**Raw data**:
<<<<

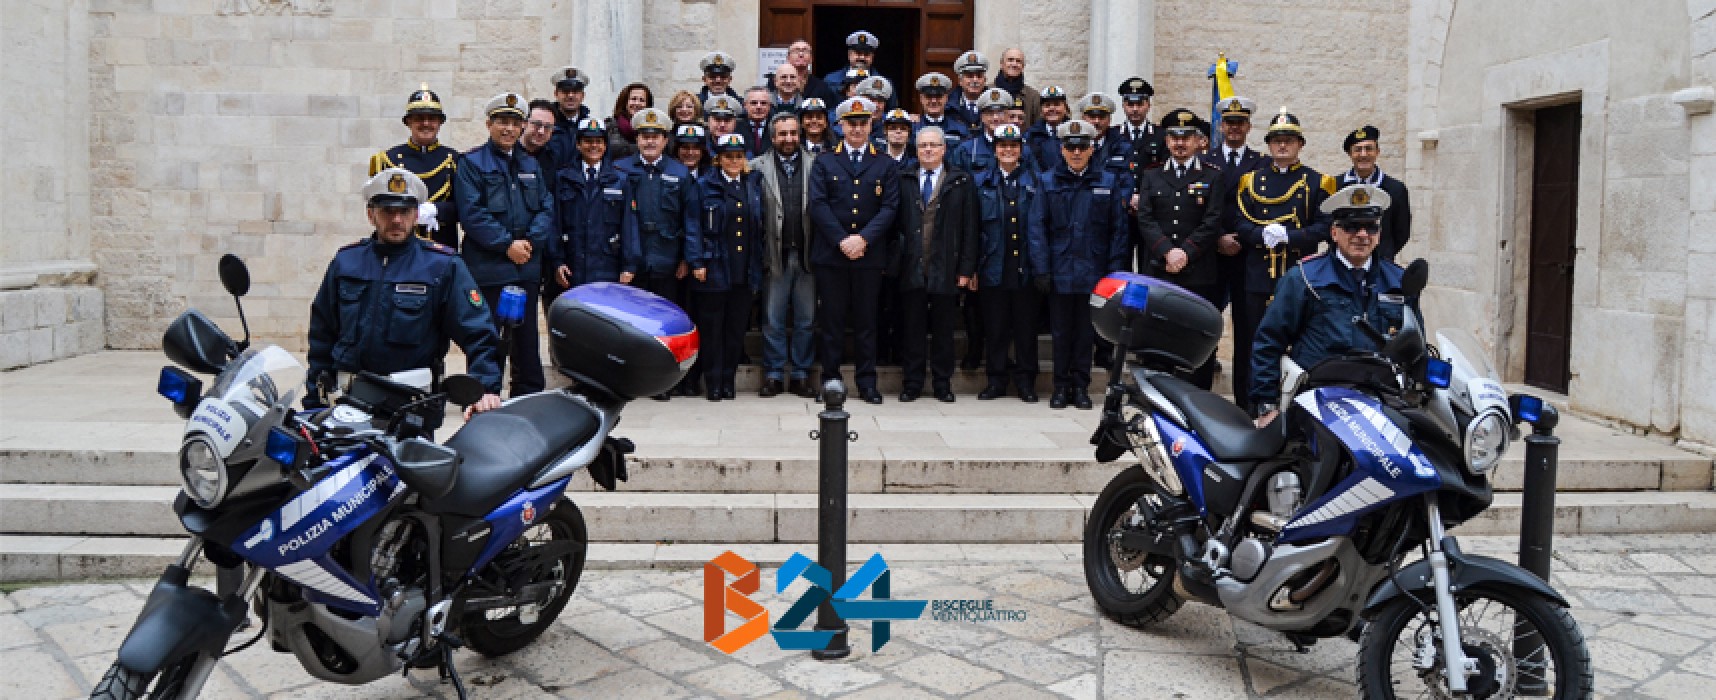 Ieri era San Sebastiano, festa della Polizia Municipale: ecco il bilancio 2014 / FOTO E CIFRE
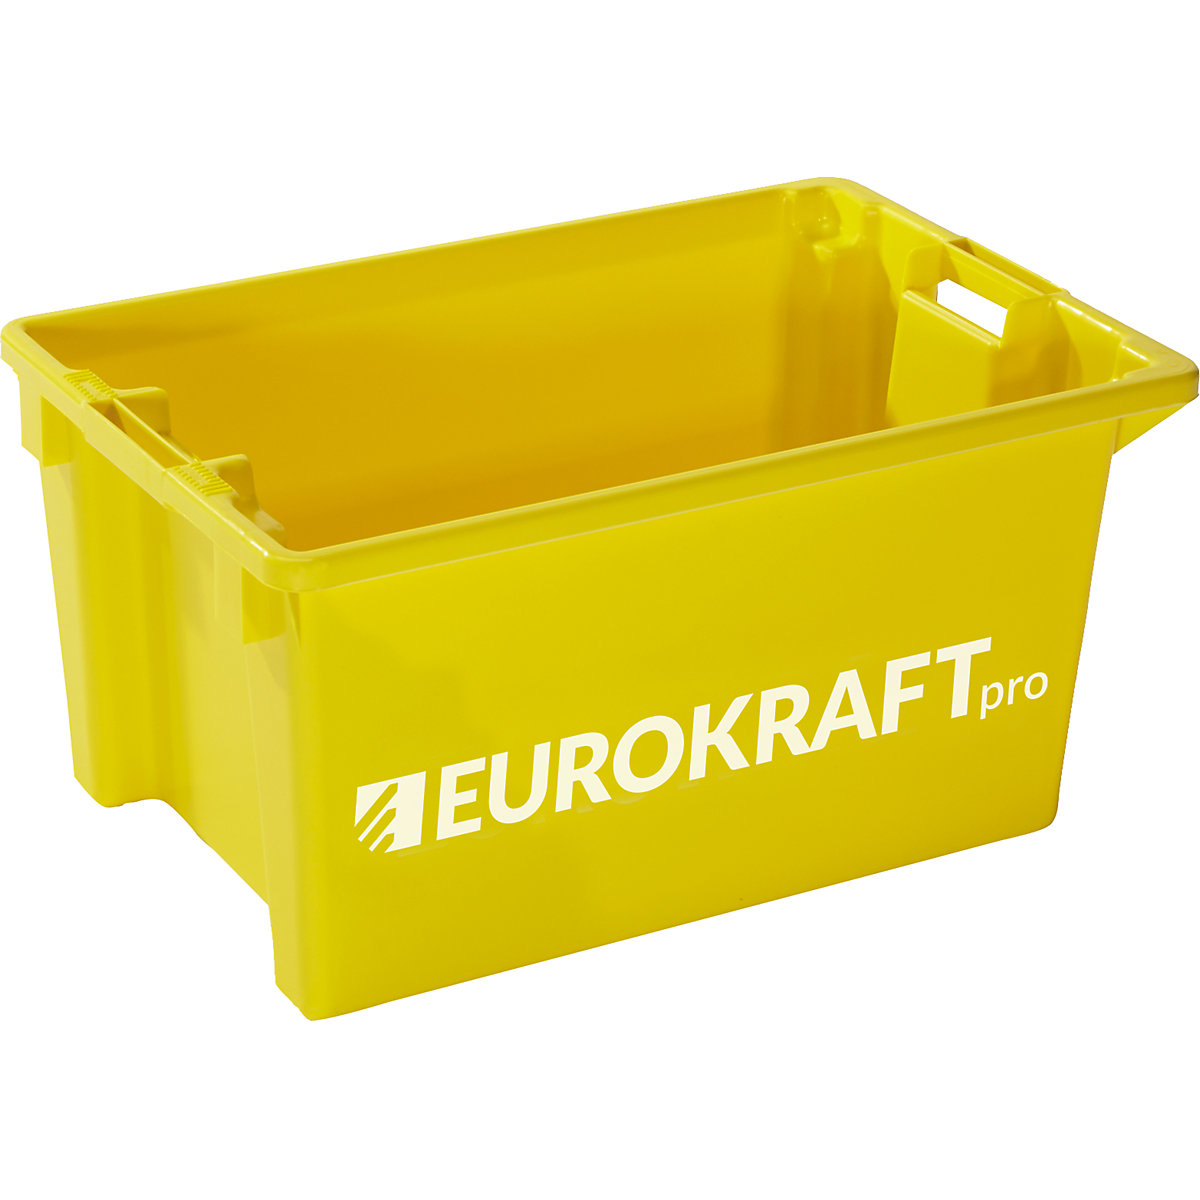 EUROKRAFTpro – Zasučni zaboj za zlaganje, prostornina 50 l, DE 3 kosi, rumena
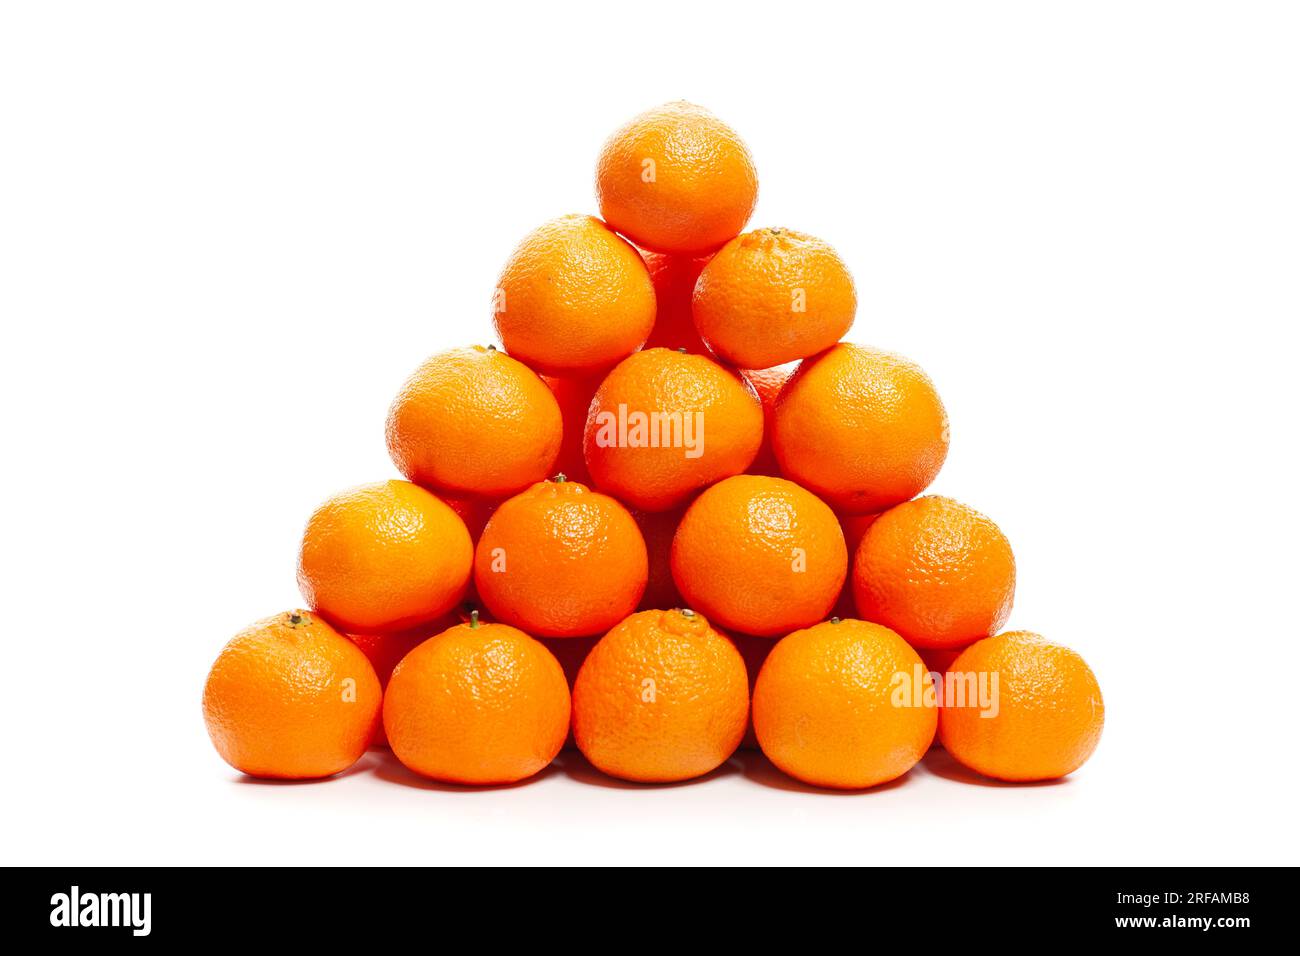 Bright Orange tangerines fruits isolated on white background Stock Photo
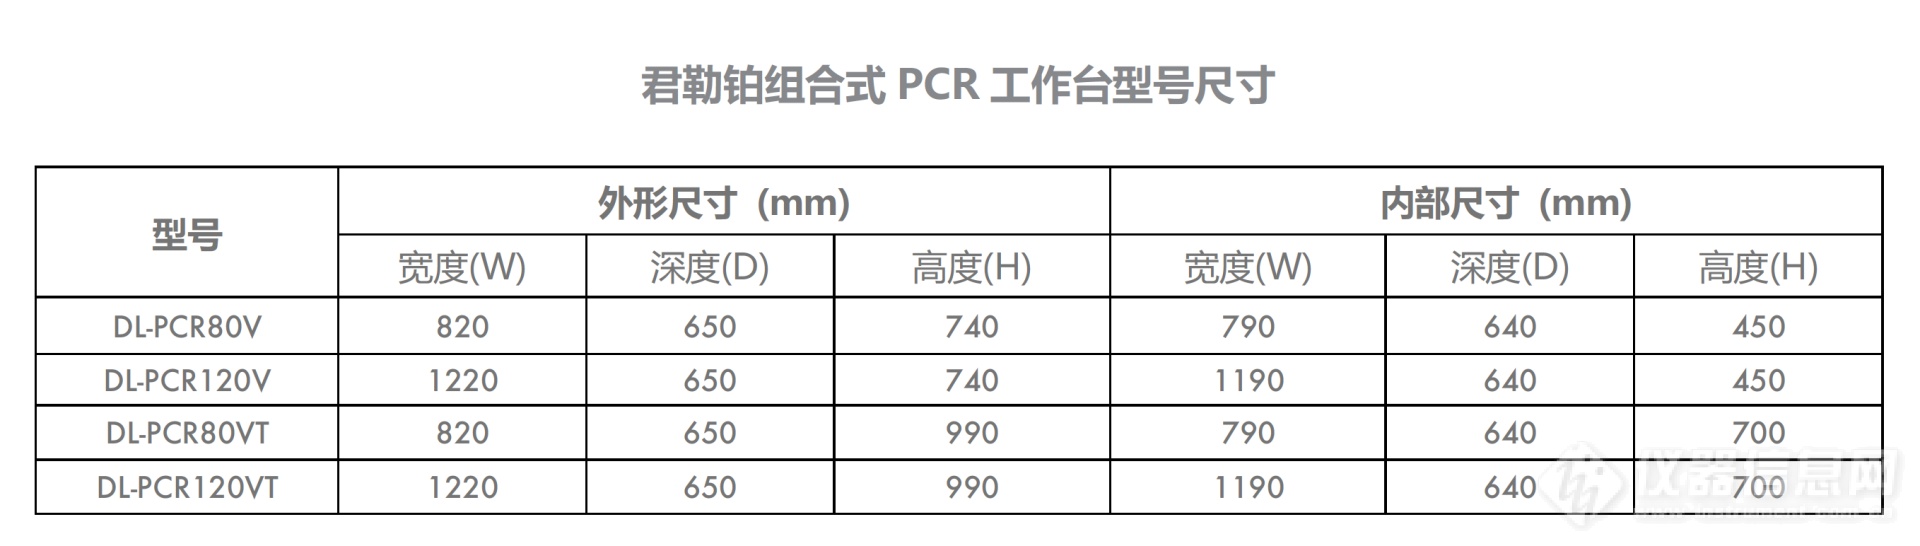 组合式PCR工作台尺寸.png

>>>>

Retype the data word for word, please, and keep the images out.

**Your solution**:
 Ieri era San Sebastiano, festa della Polizia Municipale: ecco il bilancio 2014 / FOTO E CIFRE
 EUROKRAFTpro – Zasučni zaboj za zlaganje, prostornina 50 l, DE 3 kosi, rumena
 Bright Orange tangerines fruits isolated on white background Stock Photo
 组合式PCR工作台尺寸.png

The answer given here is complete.